LING 683 Lecture notes: Fall 2024

Author

Morgan Sonderegger

Published

September 25, 2024

Preface

These are lecture notes for LING 683, Advanced Quantative Methods, taught in McGill Linguistics in Fall 2024. The notes are organized as a Quarto book.

The last update to these notes was on the “Published” date above.

These notes assume you have done readings indicated at the beginning of the chapter, each of which corresponds roughly to a week of the course. The course schedule, with readings, is here.

These notes include:

  • Applications to linguistic data of concepts from the reading to linguistic data
  • Practical illustration of topics from the reading
  • Exercises: to be done in class, or on your own time
  • Homework problems: to be turned in for assessment.

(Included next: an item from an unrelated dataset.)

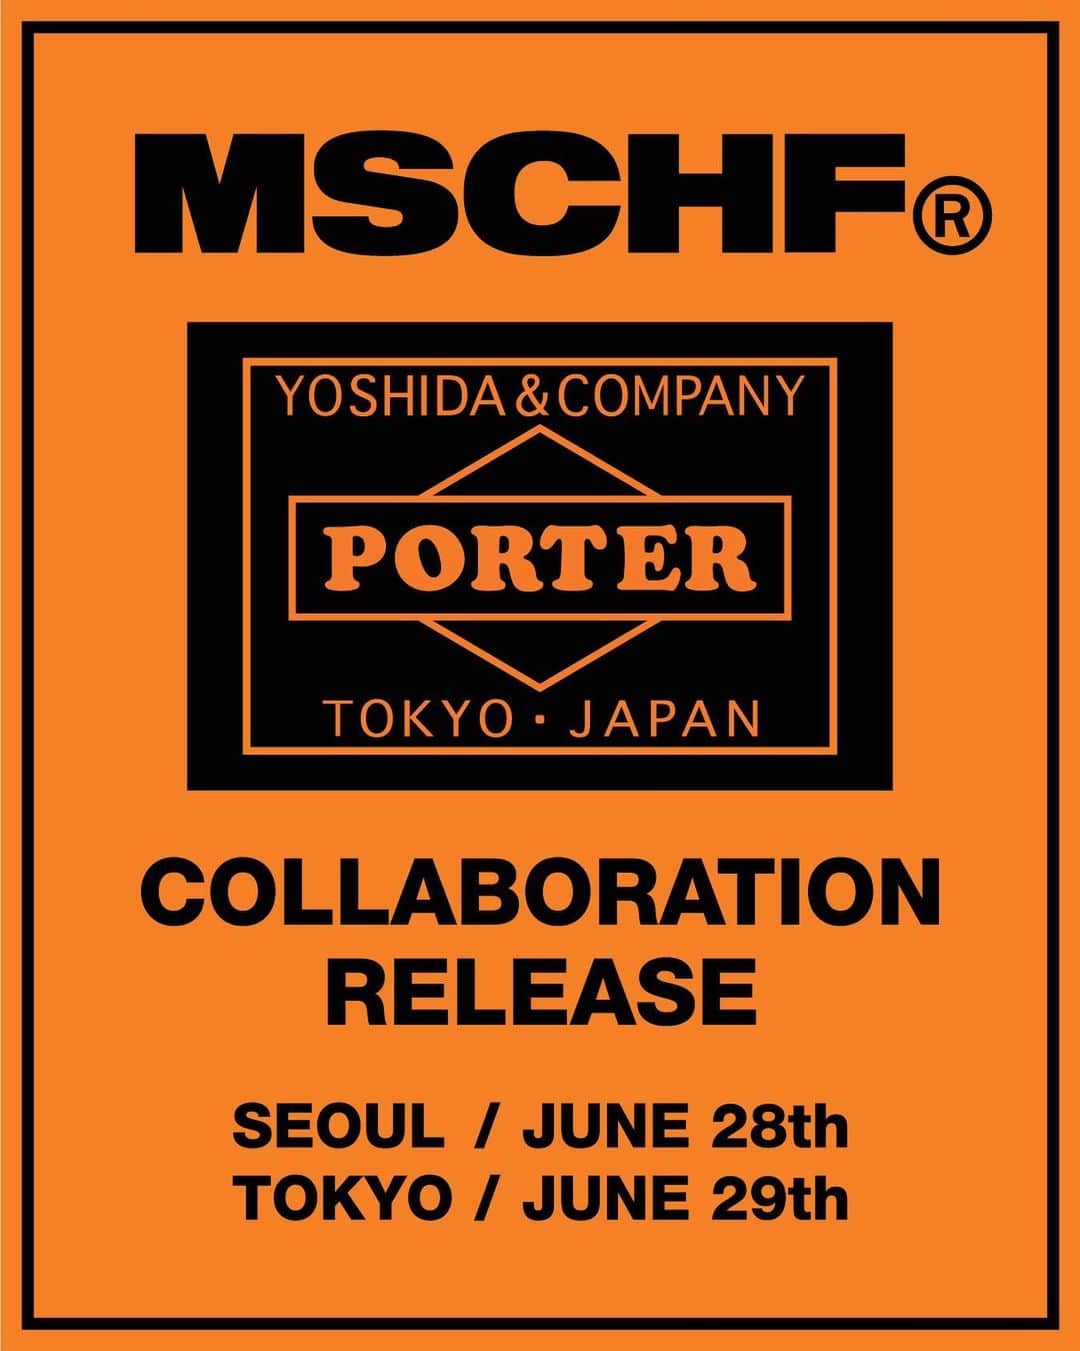 PORTER STANDさんのインスタグラム写真 - (PORTER STANDInstagram)「韓国・ソウル発のウィメンズストリートブランド「MISCHIEF」とのコラボレーションアイテムを発売します。  2010年に韓国のデザイナー、Seo Ji Eun（ソ・ジウン）とJung Ji Yoon（チョン・ジユン）が立ち上げた「MISCHIEF（ミスチーフ）」。90年代のストリートファッションをコンセプトに、モダンかつシンプルなデザインに昇華したアイテムを展開しています。最近ではNIKE・VANS・Girls Don’t Cryなどとコラボレーションを行い、韓国国内のみならず、海外でも注目を集めています。  今回発売するのは、PORTERのアイテムの中からMISCHIEFがセレクトしたブックバッグ・ショルダーバッグ・ウォレットの3型です。各型には本体カラーと同色のアイコニックな「MSCHF®」ブランドロゴの刺繍を施し、MISCHIEFらしいデザインに仕上げています。 こちらのアイテムは、PORTER STAND 品川駅店、PORTER SEOUL GANGNAM・HANNAM・GAROSUのみでの限定発売です。 〈PORTER SEOUL GANGNAM・HANNAM・GAROSU〉 発売日：6月28日（金） 〈PORTER STAND 品川駅店〉 発売日：6月29日（土）  MISCHIEF×PORTER ブックバッグ ￥20,800（税別） ショルダ－バッグ ￥16,500（税別） ウォレット ￥12,500（税別）  この機会に是非店頭でご覧ください。 皆様のお越しを心よりお待ちしております。  We’re launching the collaboration items with “MISCHIEF”, the women’s street brand from Seoul, Korea. “MISCHIEF” is a women’s street brand that was established in 2010 by Korean designers Seo Ji Eun and Jung Ji Yoon. They offer modern but simple look items based on the street fashion in 90s. They have been drawing more attention all over the world by collaborating with NIKE, VANS, and Girls Don’t Cry.  For the collaboration items, we’re selling SHOULDER BAG(L), SHOULDER BAG(S), and WALLET, which MISCHIEF selected from PORTER items.  For each item, we embroidered iconic “MSCHF®” brand logo whose color is the same as the body to make it more MISCHIEF-style.  Only available at PORTER STAND SHINAGAWA, PORTER SEOUL GANGNAM・HANNAM・GAROSU. 〈PORTER SEOUL GANGNAM・HANNAM・GAROSU〉 Launch date ：June 28th (Fri) 〈PORTER STAND SHINAGAWA〉 Launch date：June 29th（Sat）  MISCHIEF×PORTER BOOK BAG ￥20,800（plus tax） SHOULDER BAG ￥16,500（plus tax） WALLET ￥12,500（plus tax）  Please stop by on this occasion. We are sincerely looking forward to your visit.  #yoshidakaban #porter #porteryoshida #madeinjapan#japan #tokyo #porterstand #shinagawa #trunkshow#mischief #mschf #mschfgirl #korea #seoul#mschfxporter #mschf2019ss #요시다가방 #포터 #미스치프#미스치프걸」6月21日 18時22分 - porter_stand

Although I’m writing these notes with LING 683 in mind, I hope that they can (eventually) also be of use as a study guide for language scientists interested in expanding their quantitative toolbox. Here is the introduction to the course syllabus, which should give a sense of whether these materials could be helpful for you:

“This is a second course on quantitative methods for analyzing linguistic data. It follows LING 620, where we focused on regression modeling using R, up to linear and logistic mixed-effects models. Using this as a starting point, our goals are to broaden your conceptual knowledge and methodological toolkit of quantitative methods, in order to broaden the research questions you can ask and the types of data you can analyze. This term we will cover (a) Bayesian data analysis and (b) generalized additive (mixed) models, along the way introducing (c) model types beyond linear and logistic (e.g. multinomial, Poisson) and (d) possibly other current methods (e.g. functional data analysis). These methods are increasingly used to analyze linguistic data, but are relatively new to language scientists, and standard tools and best practices for practical applications are evolving. A theme of the course is practical application, and a primary goal is developing a sufficiently strong basis in (a)–(c) that you will be able to figure out the quantitative methods needed to analyze your data in the future.”